Once again God does not directly attack Job's pride, but He treats him like a child observing in wonderment a huge creature of God's making and control.  Once again Job is reduced to less than nothing in the presence of the Behemoth. But there is still more to come that will establish God's sovereign right to do as He, and He alone, may chooses for reasons of His power, love and future mercy about to be revealed to Job.

The Final Example of God's Right to Reign over His Creation    Leviathan  Job. 41:1-34

If the Behemoth was not enough to prove God's exclusive right to rule in His creation. In even greater detail, God describes the awesome power of Leviathan, a sea creature of impressive strength, defense and total invulnerability.

With a divine sense of humor, God describes the catching of a crocodile [the suggested Leviathan] with a simple rod and reel! It would have been humorous, if it had not been so outlandish. "Can you draw out Leviathan with a hook, or snare his tongue with a line which you lower? . . . Will he speak softly to you?  . . . Will he make a covenant with you?  Will you play with him as a bird or will you leash him for you maidens? . . . Lay your hand on him; Remember the battle – never do it again" (vv.1, 3 -5, 8). Thirteen questions in all. What exquisite irony on God's part!

God concludes the inquisition with a categorical fact. "No one is so fierce that he would dare stir him up. Who then is able to stand against Me? Who preceded Me, that I should pay him? Everything under heaven is "Mine" (vv.10, 11).

Take note of the abrupt change from Leviathan to God Himself, a sharp reminder to Job that He speaks directly to him but only in terms of comparisons. Job is His child and God will always stand with him, but as a child he must be corrected for reason now known only to God.

Job must have felt that "dagger" in his heart. In his time of darkness and self-righteous defense, he had questioned God's integrity and His right to do what He pleases to do in Job for His own reasons.
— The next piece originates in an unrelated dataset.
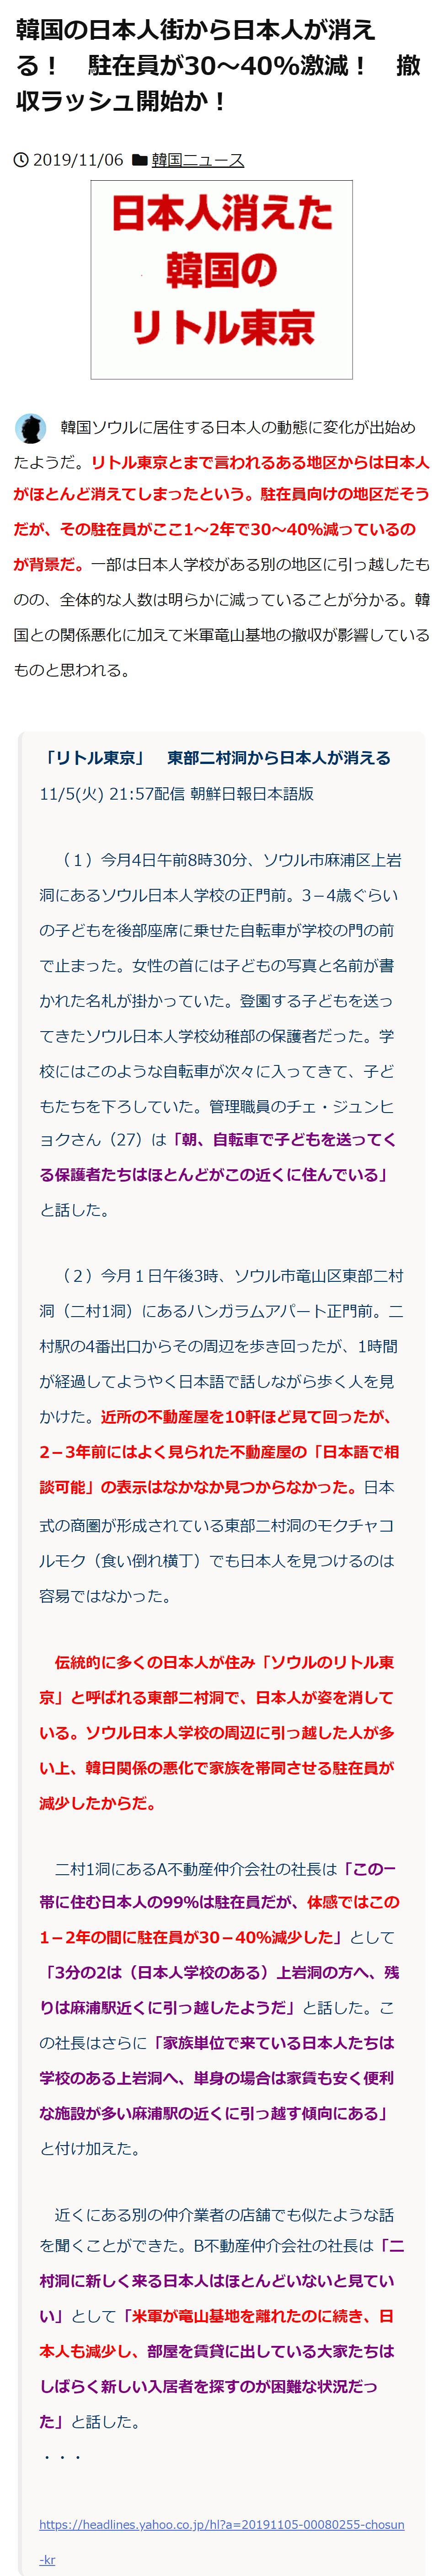 下朝鮮から日本人がいなくなり始めている

If in the animate and inanimate world, His hand guides and guards its best interests, can He not do the very same to His very own whom He created in His own image?

God's affirmations are multiplied in His descriptions of Leviathan in even more graphic and poetic terms than the earlier Behemoth. He speaks of his limbs, his power and graceful proportions, his rows of scales are his pride, his eyes, his mouth as burning lights, his heart is hard as stone even as hard as the lower millstone (vv.12-24).
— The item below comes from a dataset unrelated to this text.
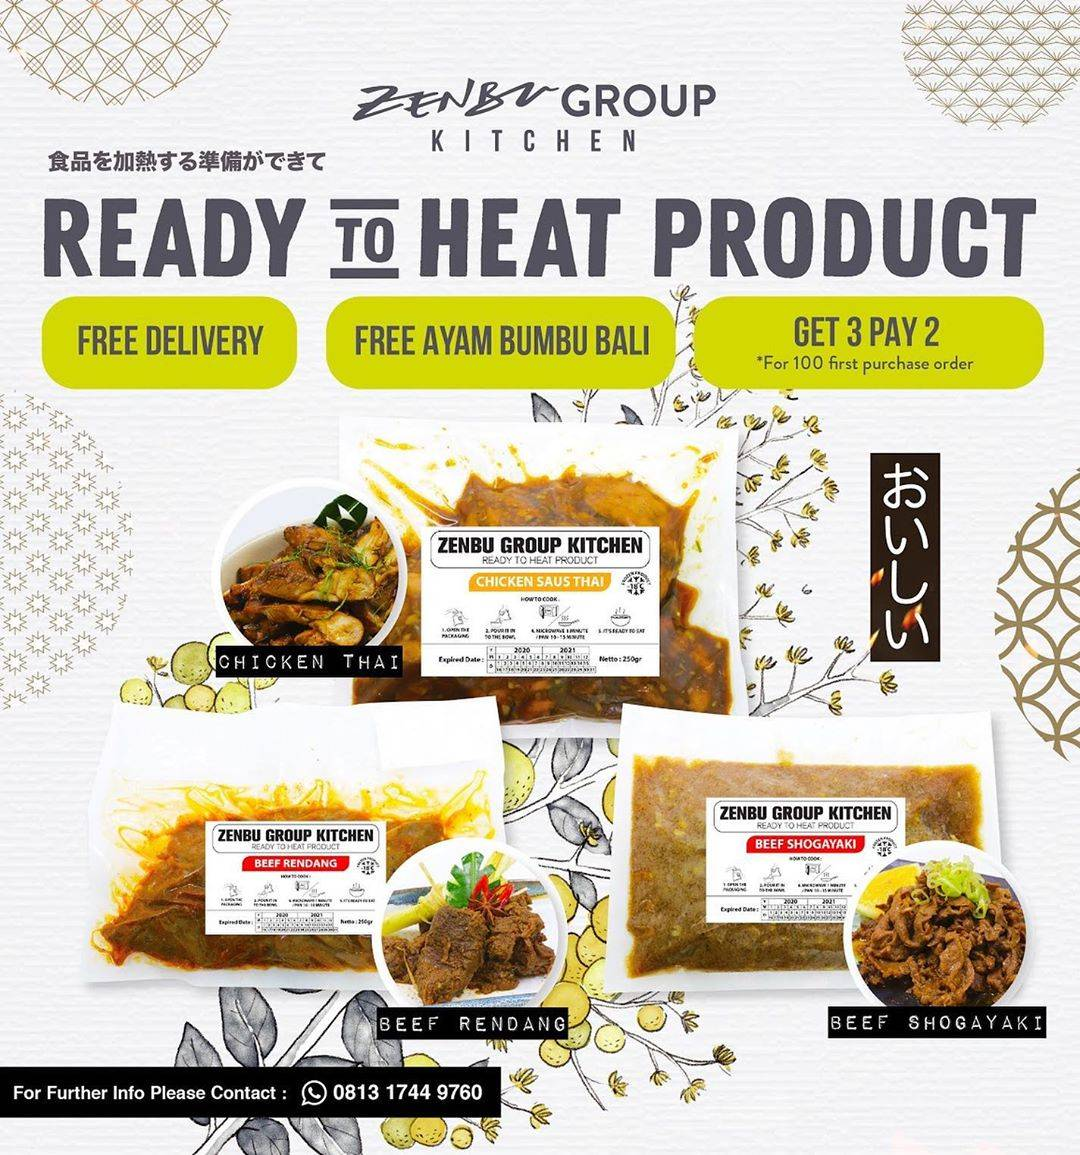 Diskon Zenbu Group Kitchen Promo Gratis Ayam Bumbu Bali, Buy 2 Get 3, Gratis Ongkir

The very last moment has come for Job to hear God's devastating description of Leviathan in terms which echo perfectly His last personal word to Job himself. The last word spoken always has ultimate meaning and value. "On earth there is nothing like him, which is made without fear. He beholds every high thing; He is king over all the children of pride" (vv.33, 34).

The book of Job ends with the explicit statement that pride is totally incompatible with a holy God who promotes brokenness and humility as the greatest virtues of a believer's life.

Once again the message to Job was that all that had occurred to Job in his unexpected suffering was focused on his heart owning his pride and self-righteousness.  It was not his overt sins confessed and forgiven, nor his exemplary walk before his family; Job had a deeper lesson to learn that would issue finally in God's purpose to bless and reward doubly His servant.

Mrs. Penn-Lewis sums it up well: "Job had said that Jehovah had taken away his right, but the Lord declares that Job has no "rights!" As sovereign Lord of heaven and earth, Jehovah is under no obligation to any creature. None can demand aught of Him as a right. On the contrary, they must acknowledge His claim!  "MINE" is written by Him upon all things - animate and inanimate - under the whole heaven."[4]


[1] Franz Delitzsch, The Book of Job (Grand Rapids;Wm B.Eerdmans Publishing Company) 1956, Vol 2, p. 348.

[2] Ibid, Vol.2, p. 352.

[3] Ibid, Vol 2, p. 355.

[4] Mrs. Penn-Lewis, The Story of Job, a Glimpse into the Mystery of Suffering (Bouremouth:The Overcomer Book Room).1903, p.188.